I'm really not a classic car man, but there really is something about an old Jag that brings a smile to my face.

Lovely car, and a stunning detail.


----------



## R7KY D (Feb 16, 2010)

Classic , Lovely job 

Made in Coventry with love


----------



## james_death (Aug 9, 2010)

Stunning....:thumb:
A uncle had a XK120...total dream machines...:thumb:


----------



## slrestoration (Nov 11, 2009)

Great work Mario, a superb transformation:thumb: Very nice set of photos in the write up, particularly like the finished shots in the car park.


----------



## Eurogloss (Jan 22, 2008)

-Mat- said:


> stunning work mate


Thanks Mat, glad you like my work mate :thumb:

Mario


----------



## Eurogloss (Jan 22, 2008)

JC01 said:


> fantastic finish, they don`t make them like they used to .

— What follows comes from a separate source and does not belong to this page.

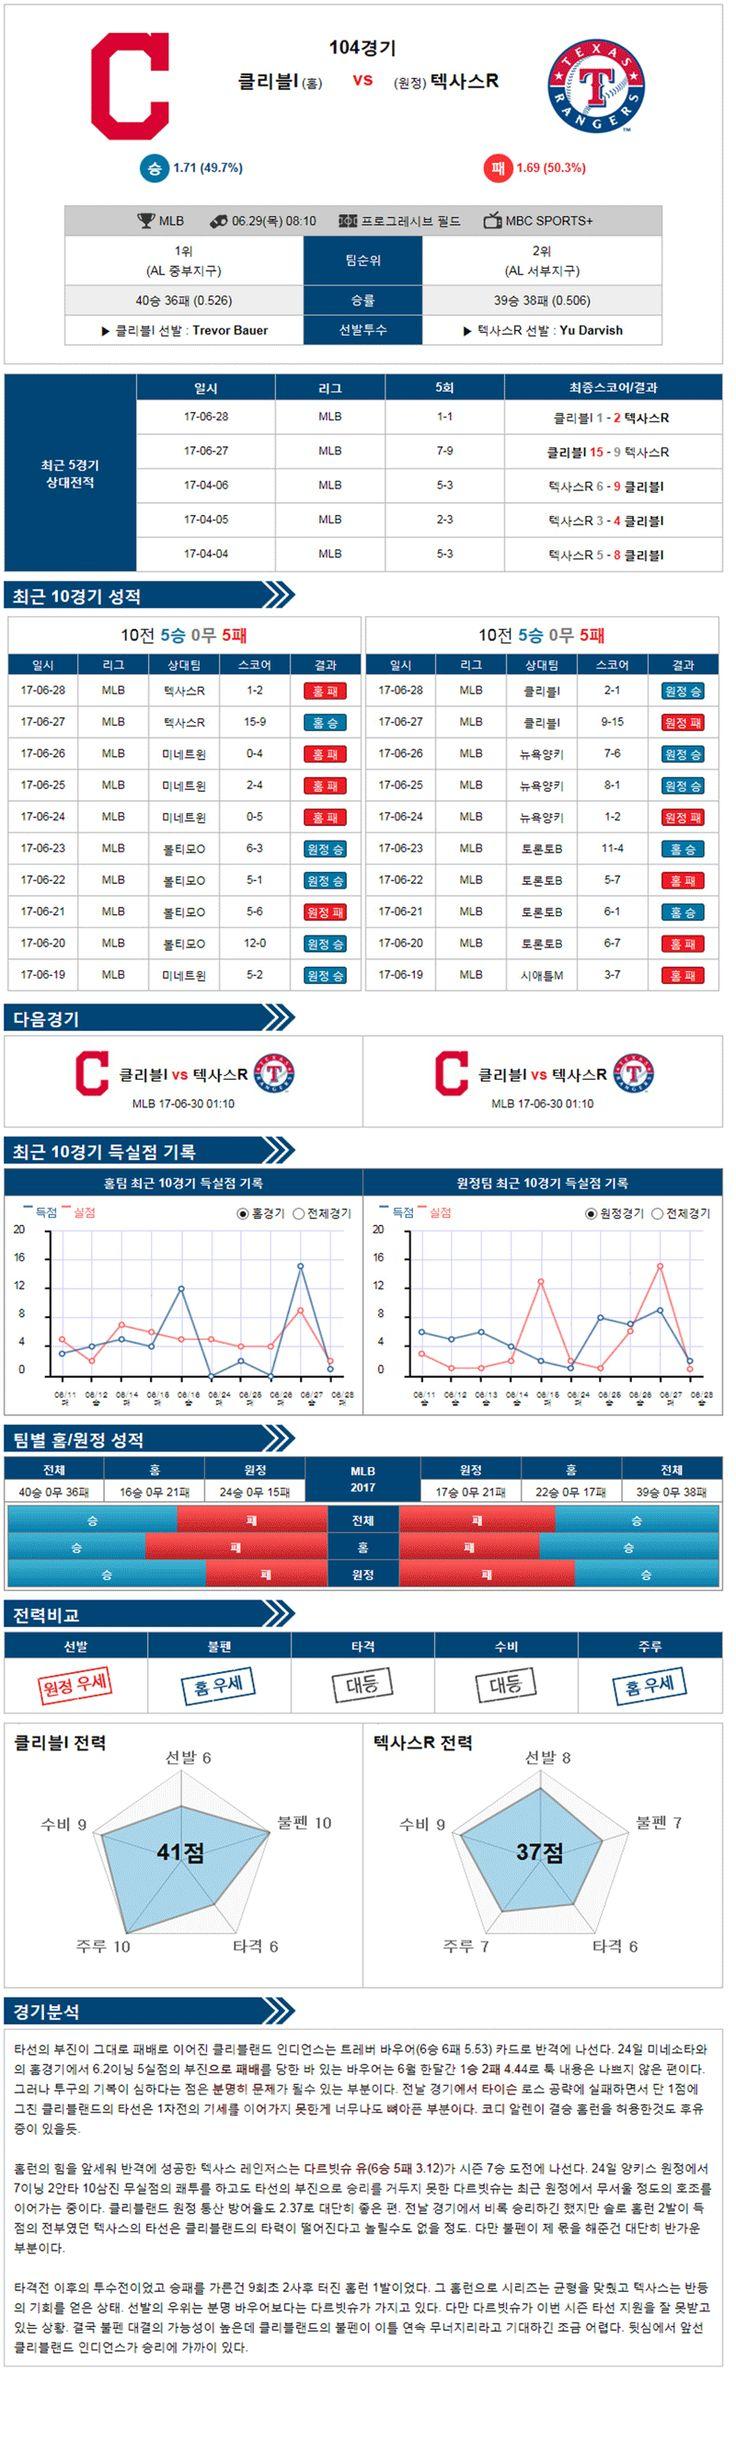 [MLB] 6월 29일 야구분석픽 클리블랜드 VS 텍사스 ★토토군 분석픽★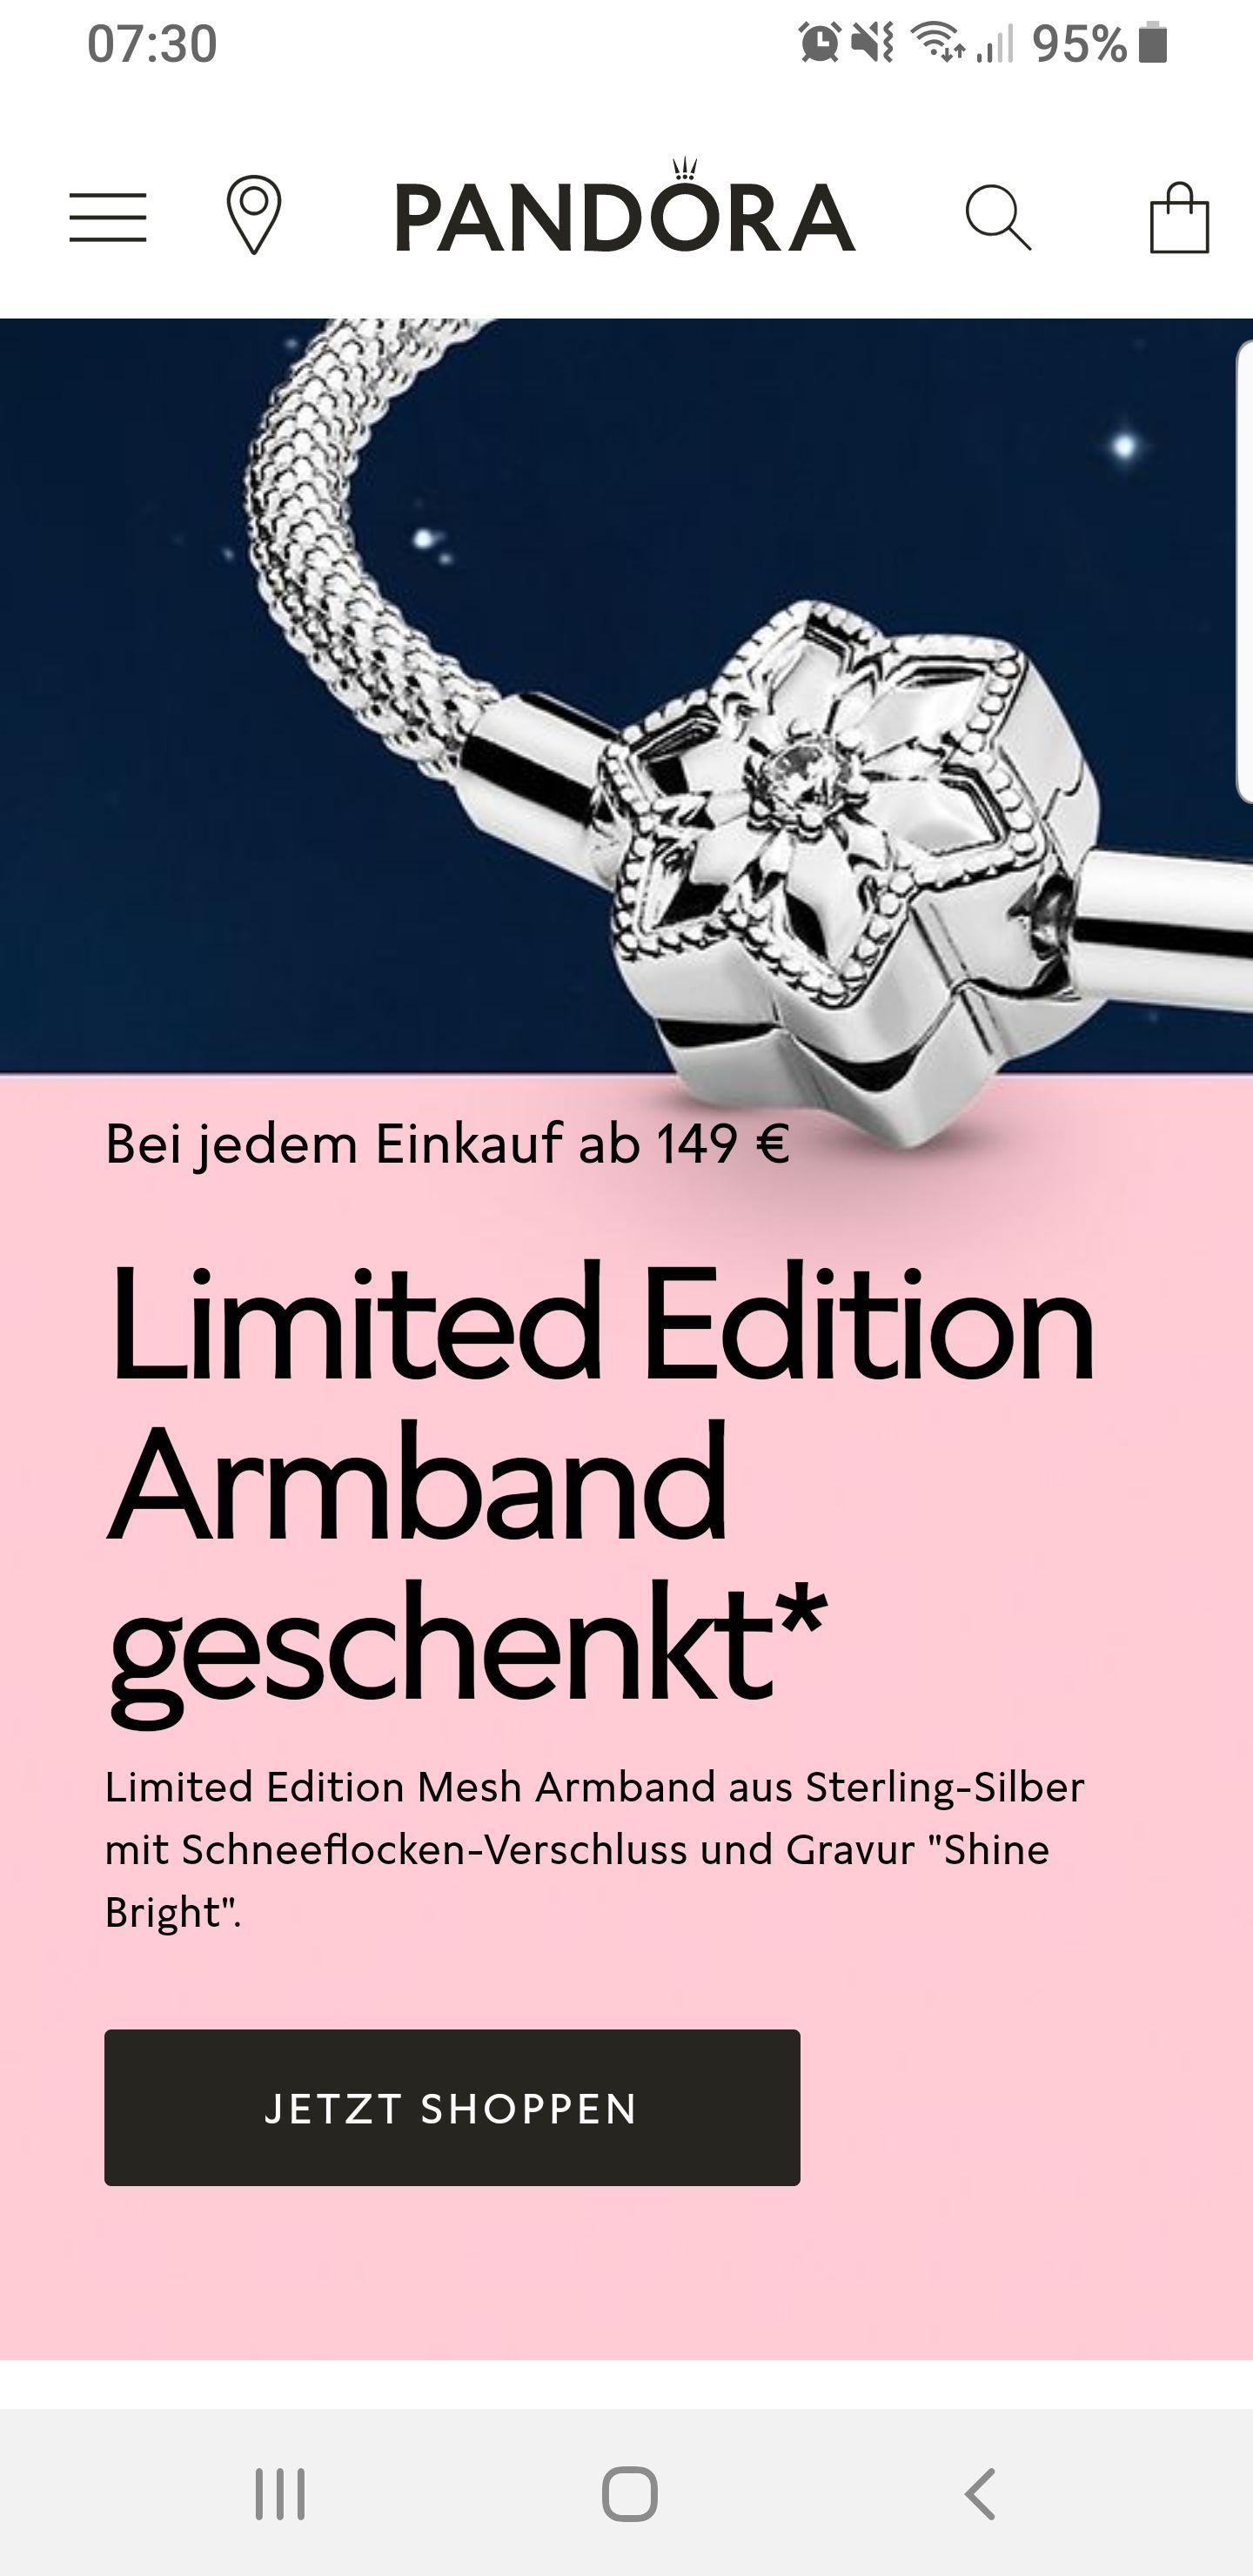 Pandora Limited Edition Armband gratis

Thanks mate, glad you liked the finish and the car :thumb:

Mario


----------



## Eurogloss (Jan 22, 2008)

Bel said:


> I'm really not a classic car man, but there really is something about an old Jag that brings a smile to my face.
> 
> Lovely car, and a stunning detail.


Thanks Bel, I love Classic Cars and this Jaguar is no exception and it certainly did bring a smile too my face when I knew I was the one detailing it !

Thanks once again :thumb:

Mario


----------



## Eurogloss (Jan 22, 2008)

R7KY D said:


> Classic , Lovely job
> 
> Made in Coventry with love


Thanks mate , loved working on this beautiful car the photos show only half of the story it does look better in the Flesh or metal 

Mario


----------



## Eurogloss (Jan 22, 2008)

james_death said:


> Stunning....:thumb:
> A uncle had a XK120...total dream machines...:thumb:


Thanks James :thumb:

I have never seen a XK 120 in the flesh but it's always been a dream of mine to one day detail a XK 140 and I'm glad my client gave me the opportunity to turn this car around it really needed it :thumb:

PS : Just did a Google search they do look very much alike the XK120 and XK140 beautiful cars !

Mario


----------



## Eurogloss (Jan 22, 2008)

slrestoration said:


> Great work Mario, a superb transformation:thumb: Very nice set of photos in the write up, particularly like the finished shots in the car park.


Thanks Nick for your kind comments !

I really enjoyed shooting those photos and if time permitted I would have taken more . The car park shots do have something special about them I studied the car and the surrounding areas and put my creativity to work !

I'm glad the Kodak small course I took when I was in Italy came to some use !

I'm glad I took my time as I didn't want to spoil my write-up with lousy photos !

Best Regards

Mario

I'll probably get better once I get this SLR ( Next Year !)


----------



## Joeboy (Apr 4, 2011)

Great job looks lovely in red. Thanks for sharing


----------



## Eurogloss (Jan 22, 2008)

Joeboy said:


> Great job looks lovely in red. Thanks for sharing


Thanks Joe,

It does look great in Red ( or, should I say Carmine Red ) or Carmen Red depending on which country your are in ( England or USA !)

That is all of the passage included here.